Пролетели зимние каникулы, а с ними и остаток января мелькнул – как один день.
Прошёл февраль. Зима шла на убыль, всё жарче пригревало днём солнце, все темнее становился снег. А когда подули тёплые ветра, разрывая в клочья снежное зимнее покрывало, обнажились чёрные, влажные островки сонной земли – проталины. И сразу появились важные, большие, тёмные грачи…
Они расхаживали по проталинам, раскланиваясь друг с дружкой, – не виделись целую зиму, соскучились.
Маша часто просыпалась по ночам… Откуда-то, словно из прошлой жизни, доносилось:
«…весной в гости приезжай, подснежников здесь видимо-невидимо!» Плакала, и сама себе не могла признаться в том, что тоскует без диковатых карих глаз с золотыми искорками.

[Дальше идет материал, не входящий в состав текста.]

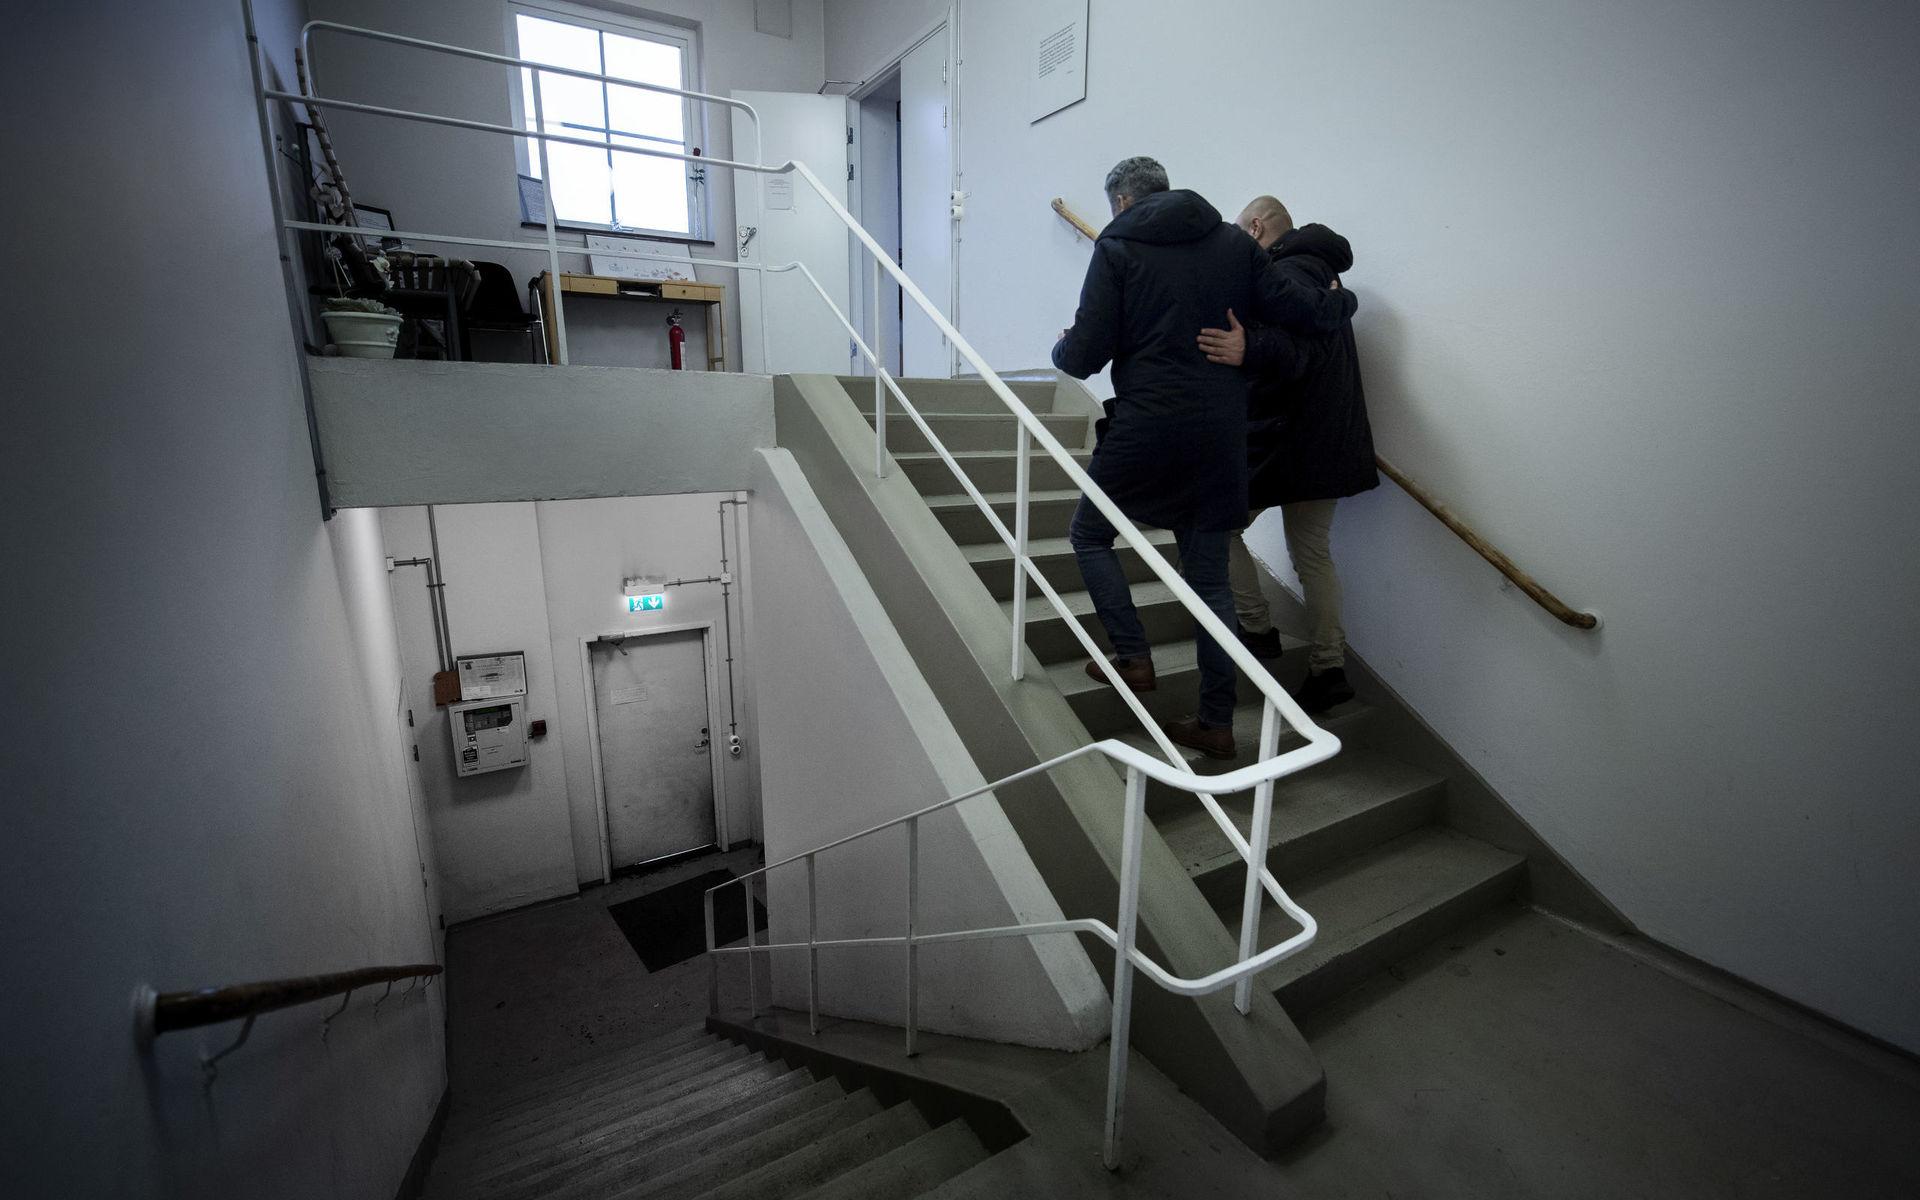 Känslofyllt. Rozbeh Aslanian och Amir Sahara går upp för trappan till brandlokalen. En lokal fylld av minnen.
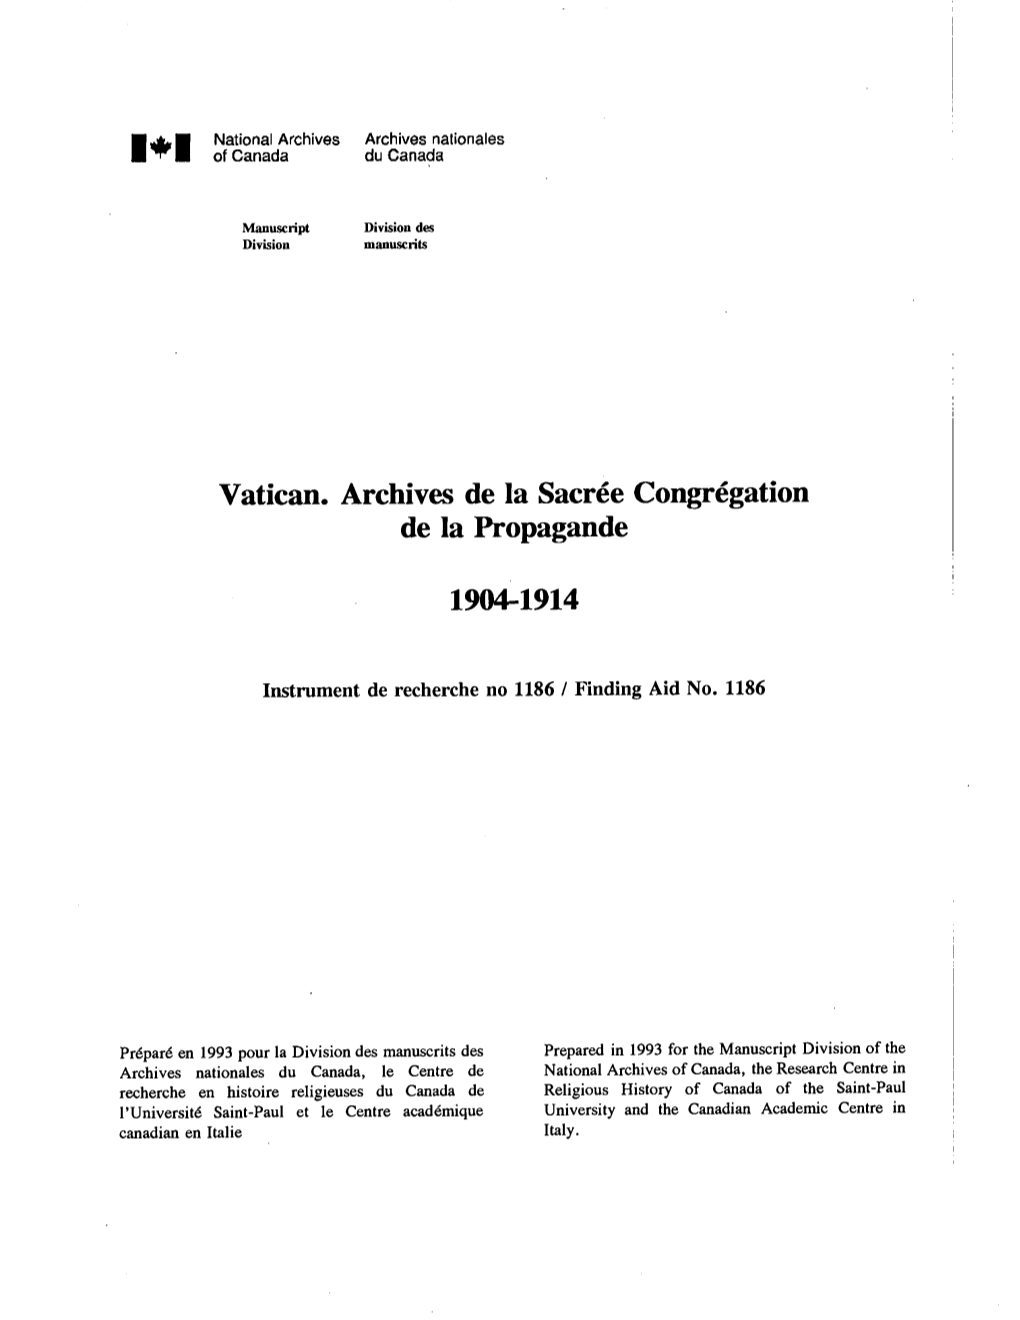 Vatican. Archives De La Sacree Congregation De La Propagande

Однажды утром, когда она собиралась в школу, тётя Тоня вздохнула вслед:
– Взял, видать, сердечко он твоё, Машенька, крепко взял. Да и держит – не отдаёт. В лесу он живёт, в отцовской сторожке. Не хотела я тебе говорить, да вижу, как ты сохнешь, ночами не спишь. Если хочешь, тропинку укажу, только чур, одну не пущу.
– Не надо, – Маша едва справилась с горячей волной радости внутри, – не надо, если он так решил, значит, пусть так и будет.

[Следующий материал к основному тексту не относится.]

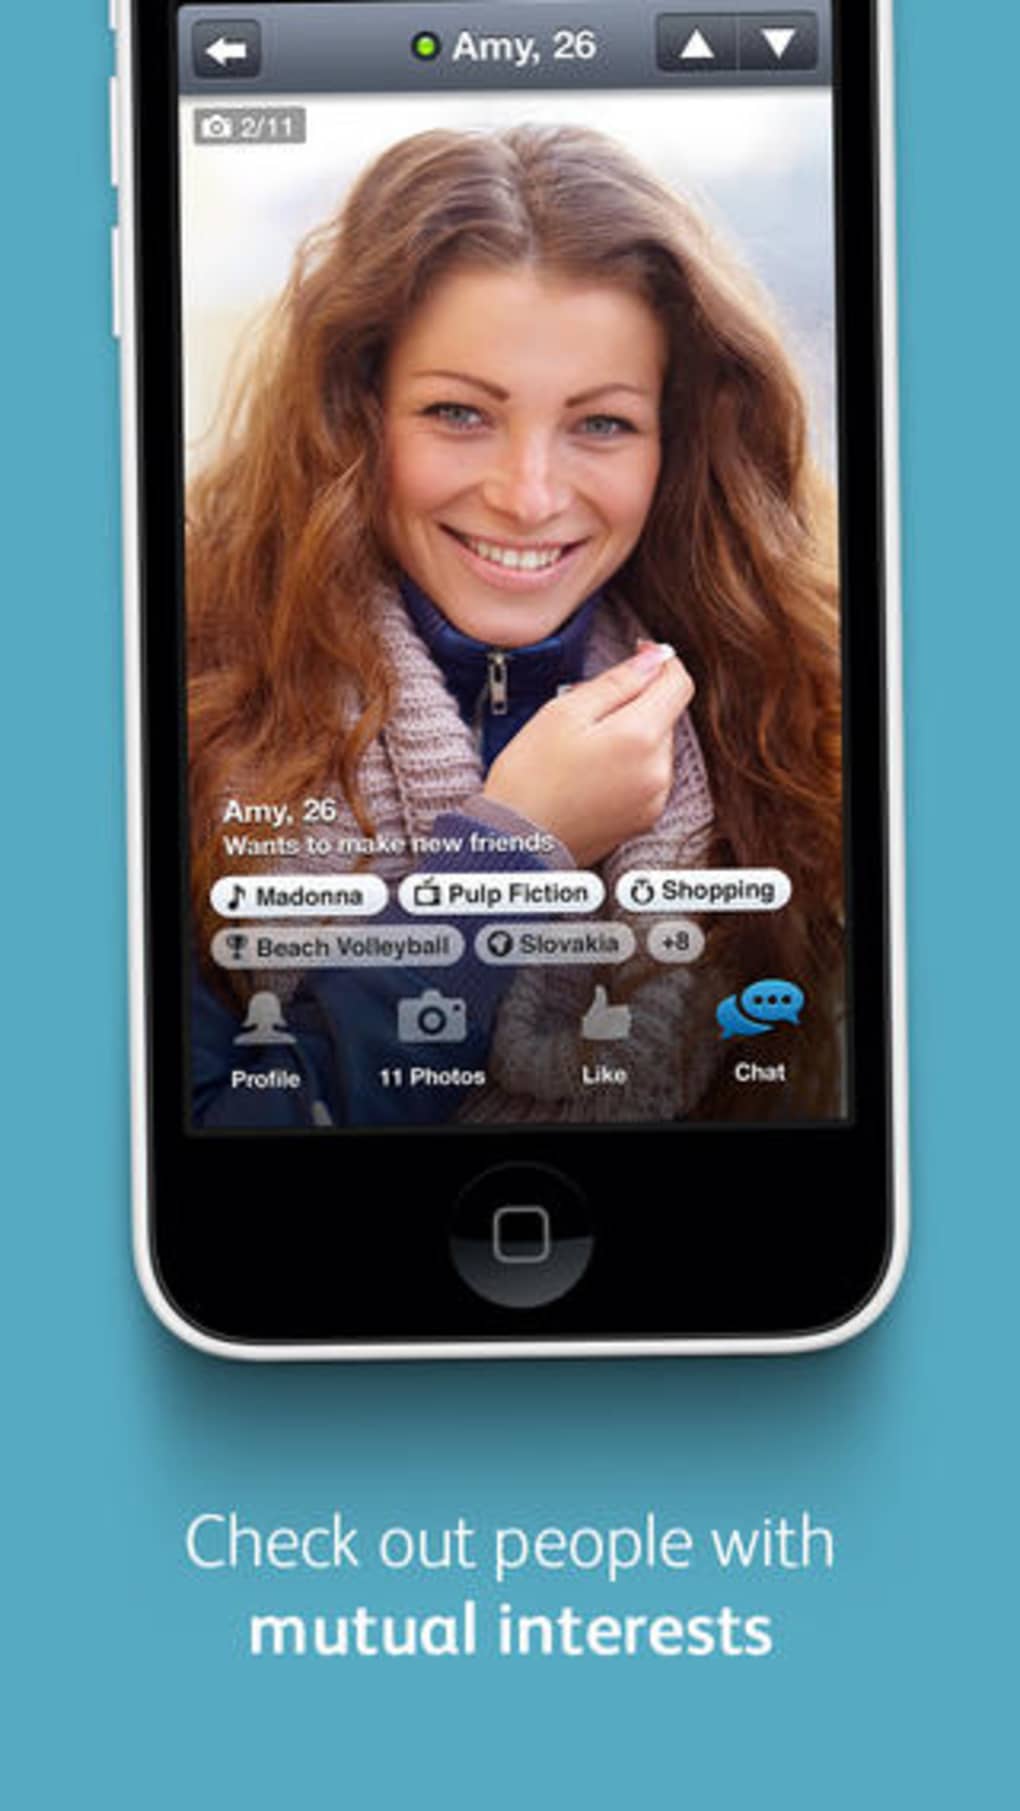 Kostenlose dating-chat-app für das iphone

– Смотри, девонька, сама, теперь я тебе плохой советчик, – покачала головой тётя Тоня, а в глубине души порадовалась за Машу – молодец девка, не чета другим.
Этой ночью Маша впервые за последнее время спала крепко. Только под утро сон странный приснился. Будто она в одежде белой, льняной, с рушником расшитым идёт по каменистой, выжженной земле, ищет кого-то.

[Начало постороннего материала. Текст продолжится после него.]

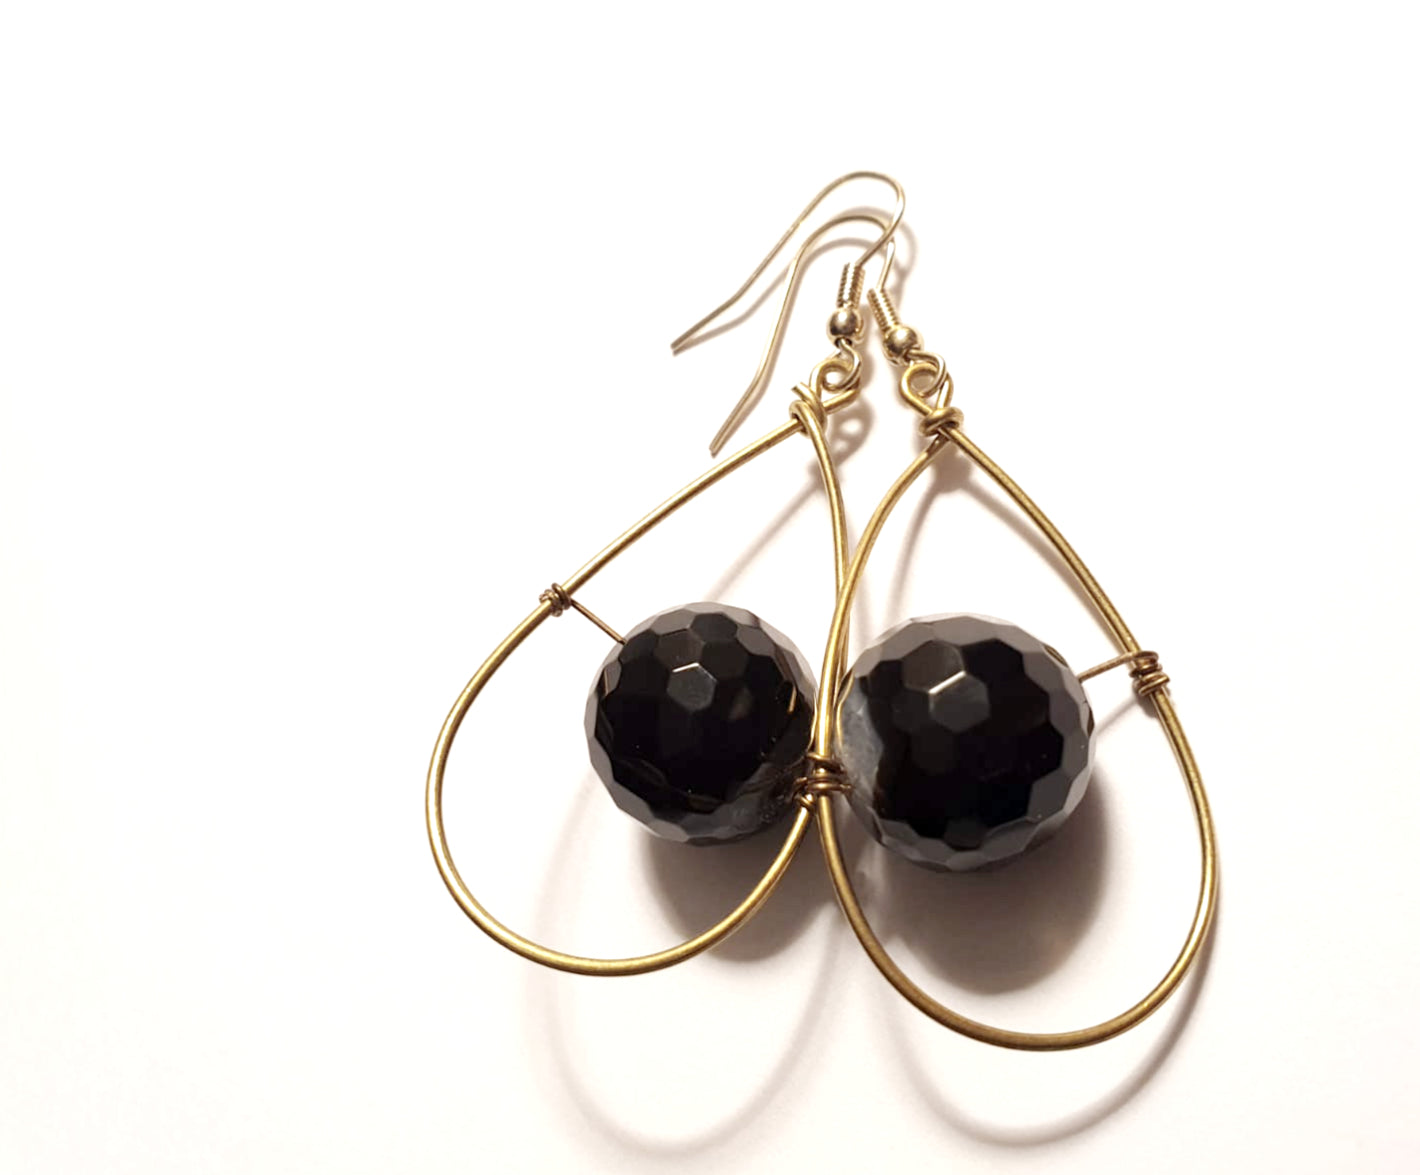 Hanging Black Agate Earrings

А кого ищет – неведомо, да и нет здесь ни одной живой души, только камень серо-синий, огромный на краю обрыва стоит, а у камня-то… витязь. И не понять: живой ли, мёртвый ли… Подошла ближе, ладошкой лба коснулась – живой… Вгляделась – да это же он, Грид…
И проснулась с тревожно бьющимся сердечком, и целый день места себе не находила.
С этого дня стала она ждать. Непонятное, неясное чувство внутри становилось всё сильнее и сильнее, с каждым весенним днём, с каждой набухшей почкой, с каждой новой проталиной.
…на миг всё прояснилось. Маша сидела рядышком, словно и не исчезала никуда. Он вспомнил их разговор, и переспросил:
– Как тебя зовут, я забыл. Повтори.
– Миланой кличут.
Повторила спокойно, строго, без улыбки.
Знакомый аромат волновал и в то же время успокаивал, до слёз знакомый, родной.
Из каких закоулков памяти выплывают запахи детства? Где хранятся они, где сберегаются. Вспомнился отец – молодой, весёлый и мать – совсем девчонка ещё; косы длинные, до пояса спускаются, в синих глазах лучики солнца пляшут; отец несёт его на руках, а мать идёт рядом, заглядывает отцу в глаза и улыбается.